J. Cent. South Univ. (2012) 19: 2231-2237
DOI: 10.1007/s11771-012-1267-z
Near-duplicate document detection with improved similarity measurement
YUAN Xin-pan(袁鑫攀), LONG Jun(龙军), ZHANG Zu-ping(张祖平), GUI Wei-hua(桂卫华)
School of Information Science and Engineering, Central South University, Changsha 410083, China
? Central South University Press and Springer-Verlag Berlin Heidelberg 2012
Abstract: To quickly find documents with high similarity in existing documentation sets, fingerprint group merging retrieval algorithm is proposed to address both sides of the problem: a given similarity threshold could not be too low and fewer fingerprints could lead to low accuracy. It can be proved that the efficiency of similarity retrieval is improved by fingerprint group merging retrieval algorithm with lower similarity threshold. Experiments with the lower similarity threshold r=0.7 and high fingerprint bits k=400 demonstrate that the CPU time-consuming cost decreases from 1 921 s to 273 s. Theoretical analysis and experimental results verify the effectiveness of this method.

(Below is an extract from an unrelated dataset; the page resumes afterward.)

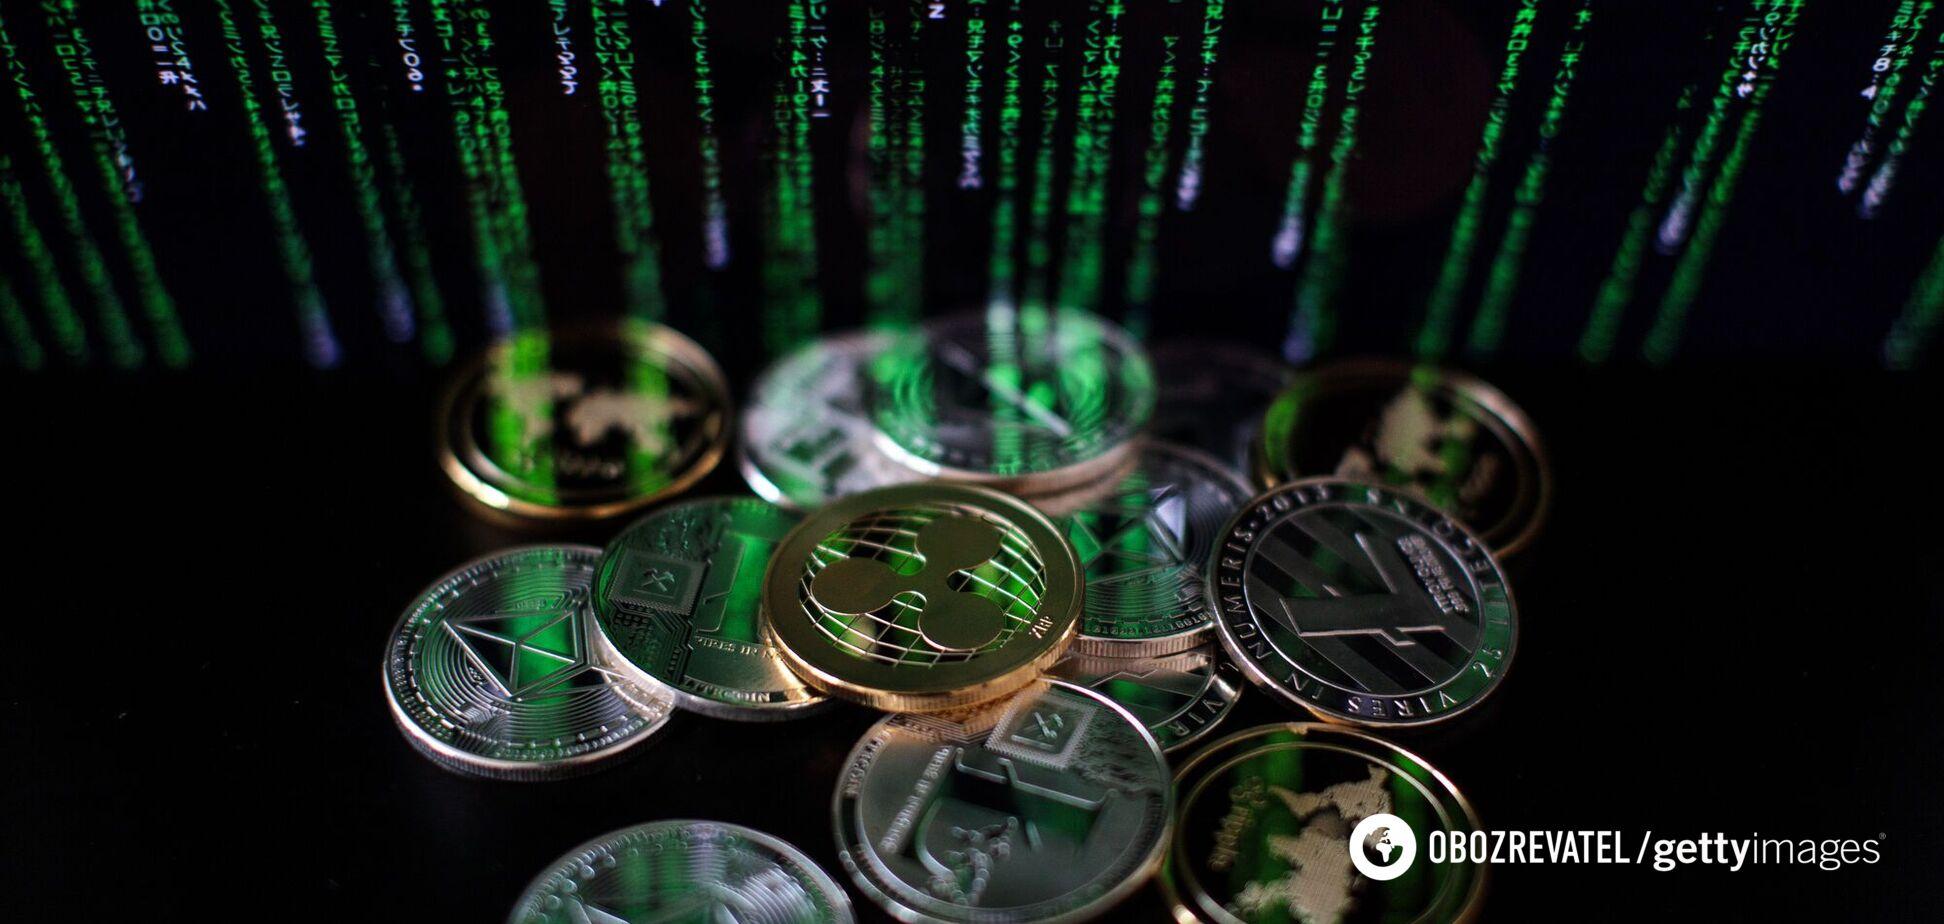 Жартівлива криптовалюта зросла на 11 000%: чому може стати вигідним вкладенням

Key words: similarity estimation; near-duplicate document detection; fingerprint group; Hamming distance; minwise hashing
1 Introduction
Explosive information growth of Web leads to a huge amount of similar information on the Web. These similar documents consumed a lot of storage and computation resources and reduce the efficiency of web search engines. Some duplications come from plagiarism and illegal proliferation. Near-duplicate document detection in intellectual property protection and information retrieval has important applications and plays an important role in efficient information assessment.

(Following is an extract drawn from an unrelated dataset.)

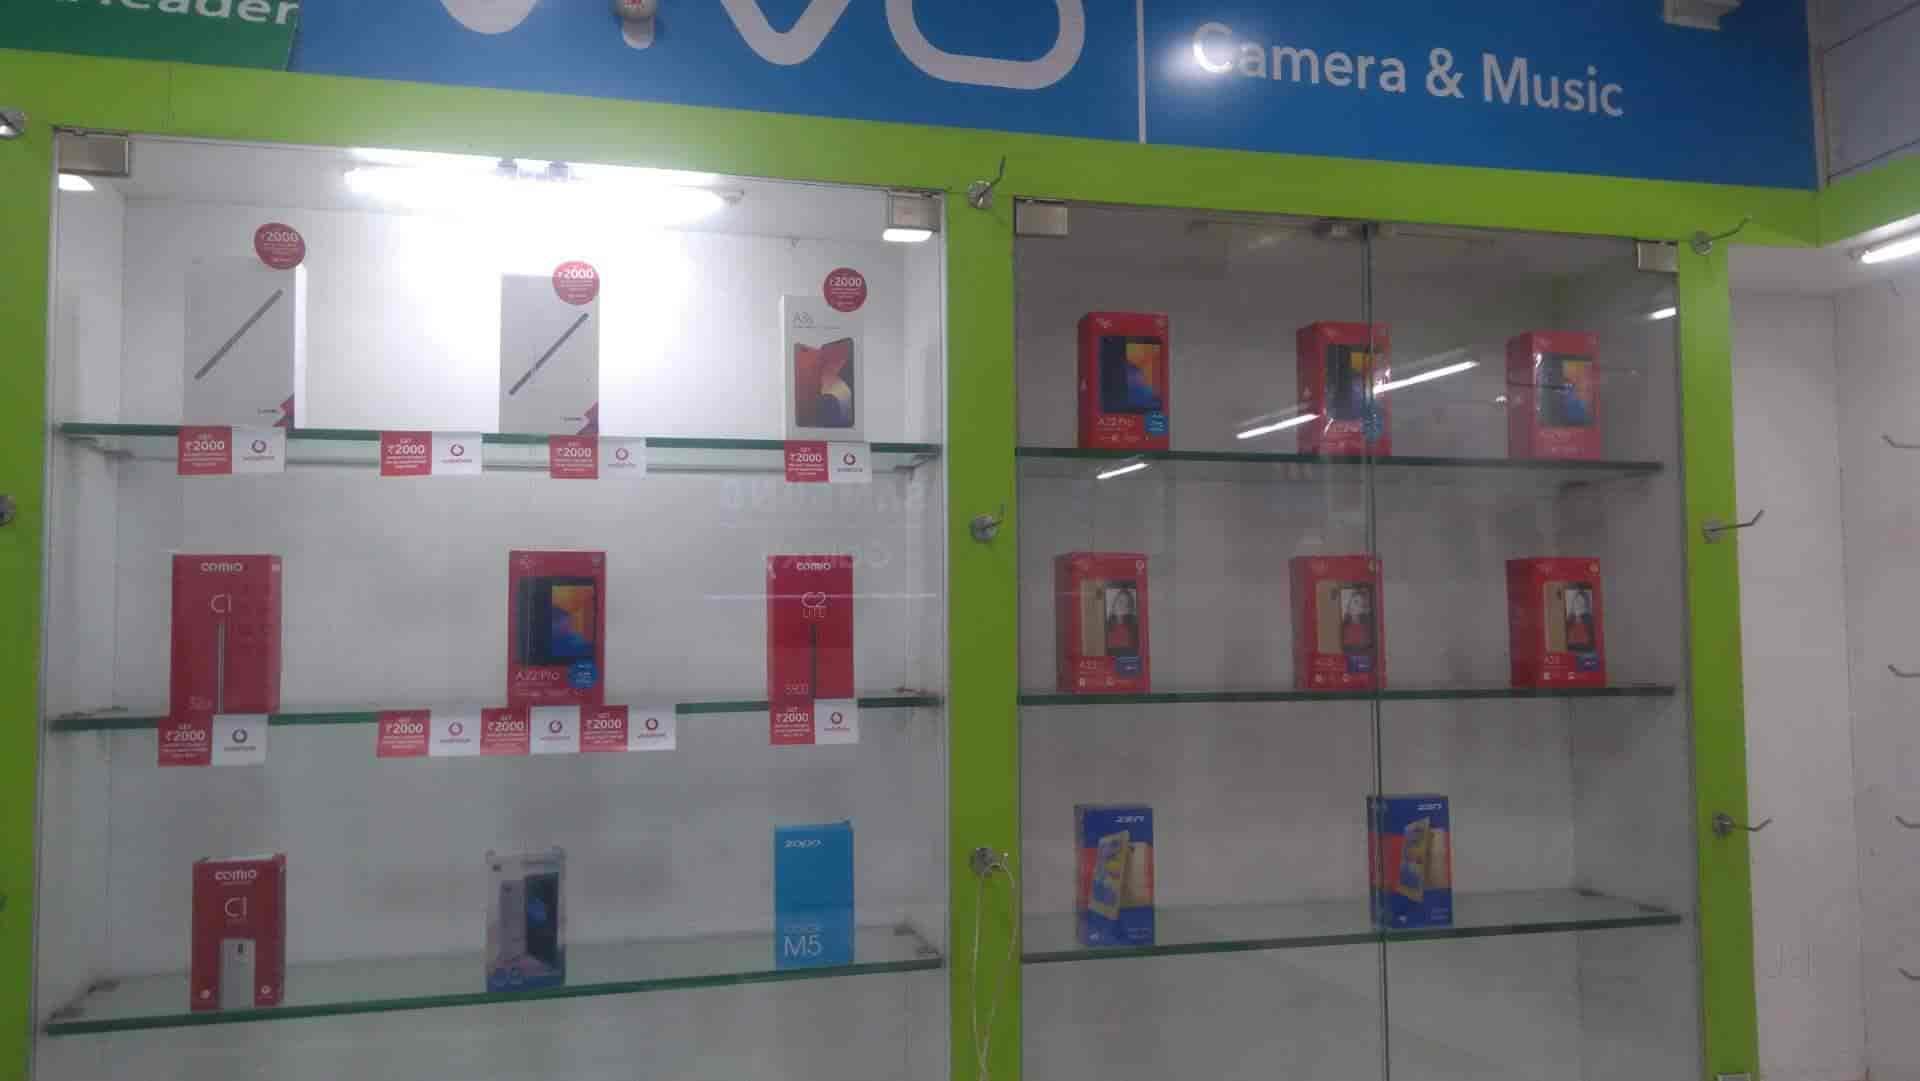 Raja Mobile, Sainathapuram Vlr - Mobile Phone Dealers in

The purpose of this system is to avoid near-duplicate submissions (e.g., a financed proposal might be resubmitted without considerable modification). With rapid increment in the number of financed projects, the size of project collection might reach several millions. For such a large text collection, minwise hashing [1-3] is a mature and stable document similarity estimation technique. Minwise hashing converts the set intersection problem into the probability of occurrence of an event to estimate the similarity between the documents through a large number of experiments. As a general technique for estimating set similarity, minwise hashing has been applied to a wide range of applications, for example, duplicate web pages removal [2-3], wireless sensor networks [4], community extraction and classification in the Web graph [5], text reuse in the Web [6], Web graph compression [7] and so on. Due to its wide adoption, minwise hashing has undergone considerable theoretical and methodological developments [8-15].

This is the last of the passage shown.